"Dickens is one of those writers who are well worth stealing," Orwell wrote in the first sentence of his classic essay on the English novelist.
And Orwell himself, it would seem, is considered by many to be worth stealing as well.
By Ken Griffin, for instance.
Griffin apparently invoked Orwell's name the other day in his ongoing feud with Mayor Mamdani about New York's proposed pied-à-terre tax on second homes in the state—which would include a bill for Griffin's $238 million penthouse in Manhattan.
According to the Wall Street Journal, Griffin responded to the rumored tax—and one of Mamdani's videos promoting it—by offering to mail out a copy of Orwell's Animal Farm to every high schooler in the city.
This is what I mean about people appropriating Orwell.
Because, yes, Orwell detested Stalinism; as do I. I object to Stalinism as much as Griffin.
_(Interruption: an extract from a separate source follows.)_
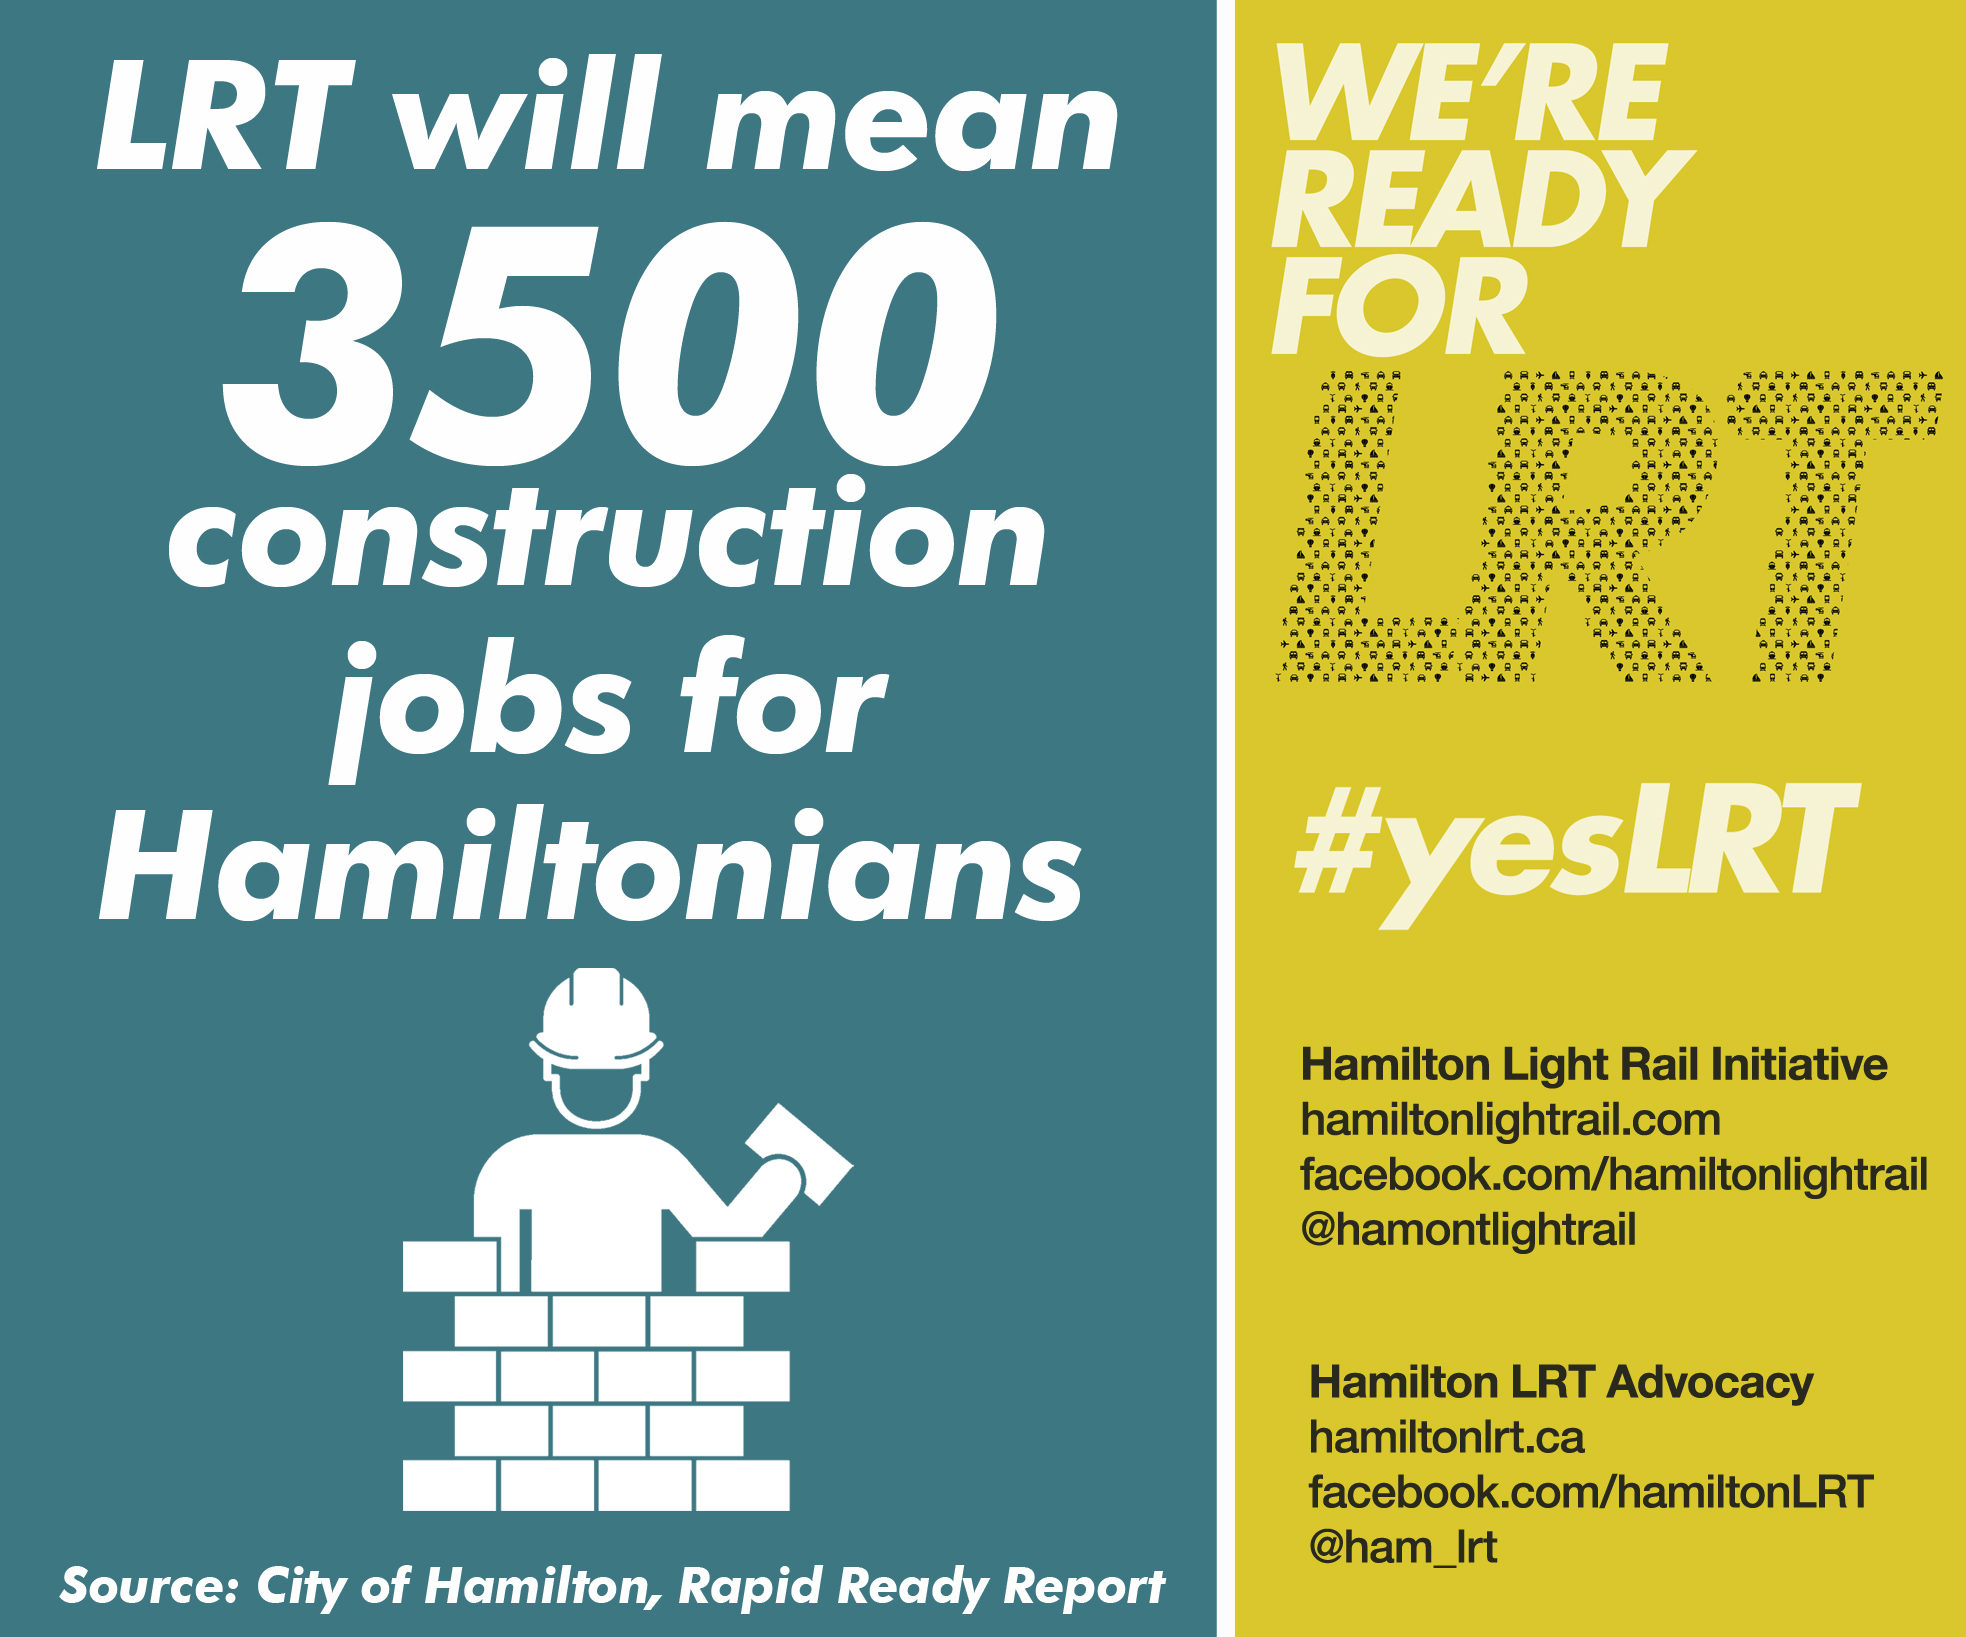 LRT will mean 3500 construction jobs for Hamiltonians

But to invoke the memory of Orwell—a lifelong democratic socialist—to oppose a modest tax increase on a property worth hundreds of millions of dollars—is an absurd distortion.
Griffin is not so much in the tradition of Orwell as in that of Bertrand—the exquisitely annoying Tory artist in Kingsley Amis's Lucky Jim—who said of the postwar Labour government that Orwell supported:
But their home policy... soak the rich ... I mean ...‘Well, it is that, pure and simple, isn’t it? I’m just asking for information, that’s all. I mean that’s what it seems to be, don’t we all agree? I take it that it is just that and no more, isn’t it?'
As another one of New York City's reigning oligarchs reportedly put it yesterday—springing to Griffin's defense:
"I must say that I consider the phrase ‘tax the rich’ — quote, tax the rich — when spit out with anger and contempt by politicians both here and across the country, to be just as hateful as some disgusting racial slurs[.]"
He added:
"The rich [...] are at the top of the great American economic pyramid for a reason. They should be praised and thanked."
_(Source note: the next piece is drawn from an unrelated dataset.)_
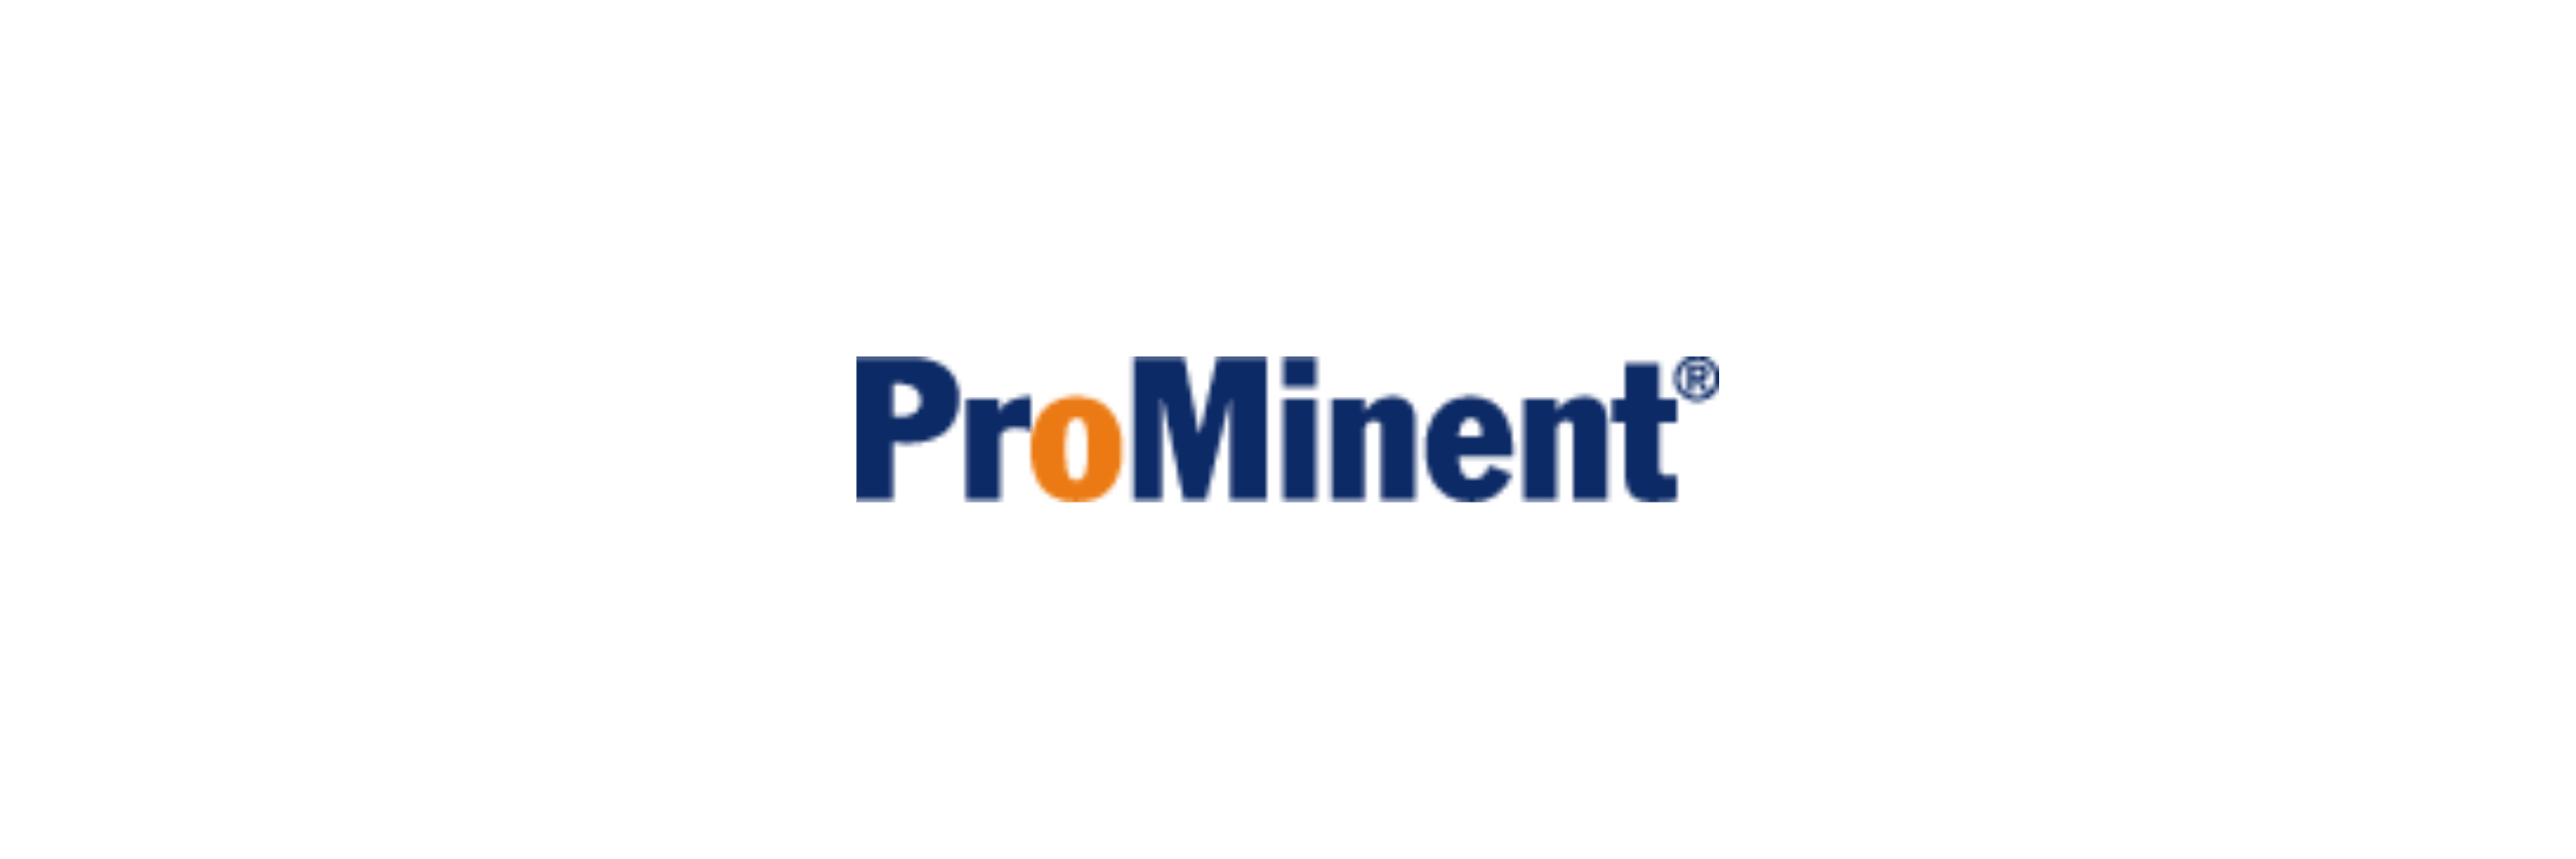 ProMinent - Klenk Maschinenhandel

Shades here, too, of Bertrand:
'[S]hall I tell you what else I happen to like? Rich people. I take pride in the contemporary unpopularity of that statement. [...] I like them and that’s why I don’t want them soaked. All right?'
To which Jim Dixon's inward response in the novel seems the best available:
"Bertrand's speech [...] annoyed him in more ways than he'd have believed possible."
The Vornado CEO's argument, like Bertrand's, appears to be that the rich must not be taxed because they are just better than other people. We should know our place.
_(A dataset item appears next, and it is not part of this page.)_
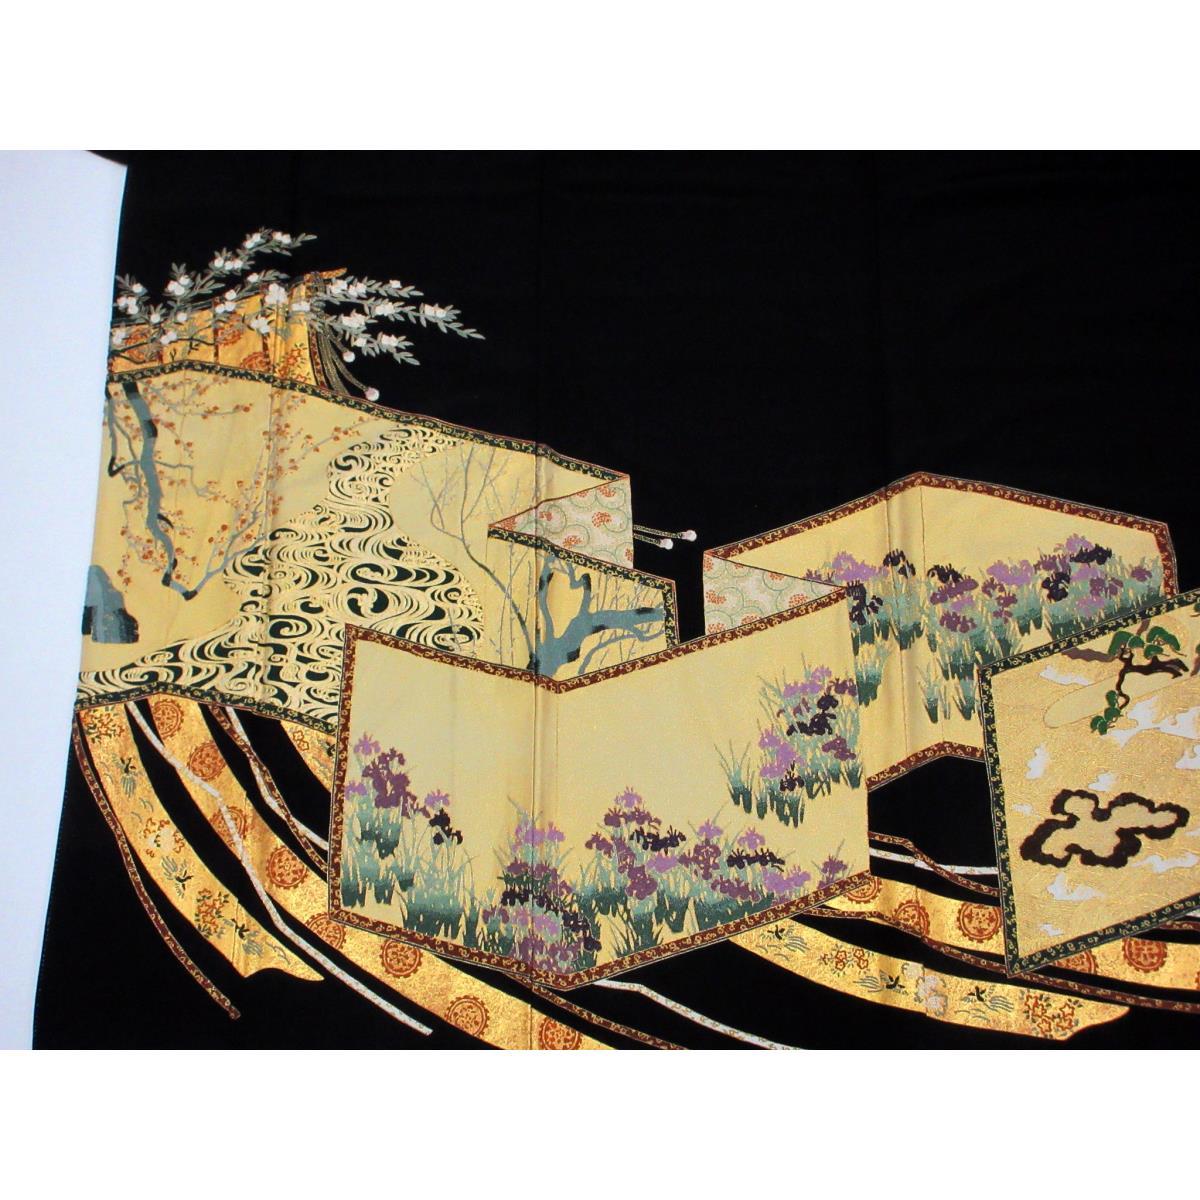 Tomesode (formal kimono) by Matsuo Korin, Sagara embroidery, sword and sword eating

Griffin's seems to be more of a non sequitur: Stalinism is bad (which we all agree on).
But he also accused Mamdani of driving away "success" from the city—a more conventional conservative argument against progressive taxation that at least makes a pretense of public-spiritedness.
As Anatole France sardonically quoted the argument a century ago in Penguin Island:
"The poor live on the wealth of the rich and that is the reason why that wealth is sacred. Do not touch it [....] You will get no great profit by taking from the rich, for they are very few in number; on the contrary you will strip yourself of all your resources and plunge the country into misery." And so it is better, they say, to take from the poor.
As France adds with a wink—this argument must be sound, since "in fifteen hundred years the best of the Penguins will not speak otherwise."
It appears they are speaking thus still.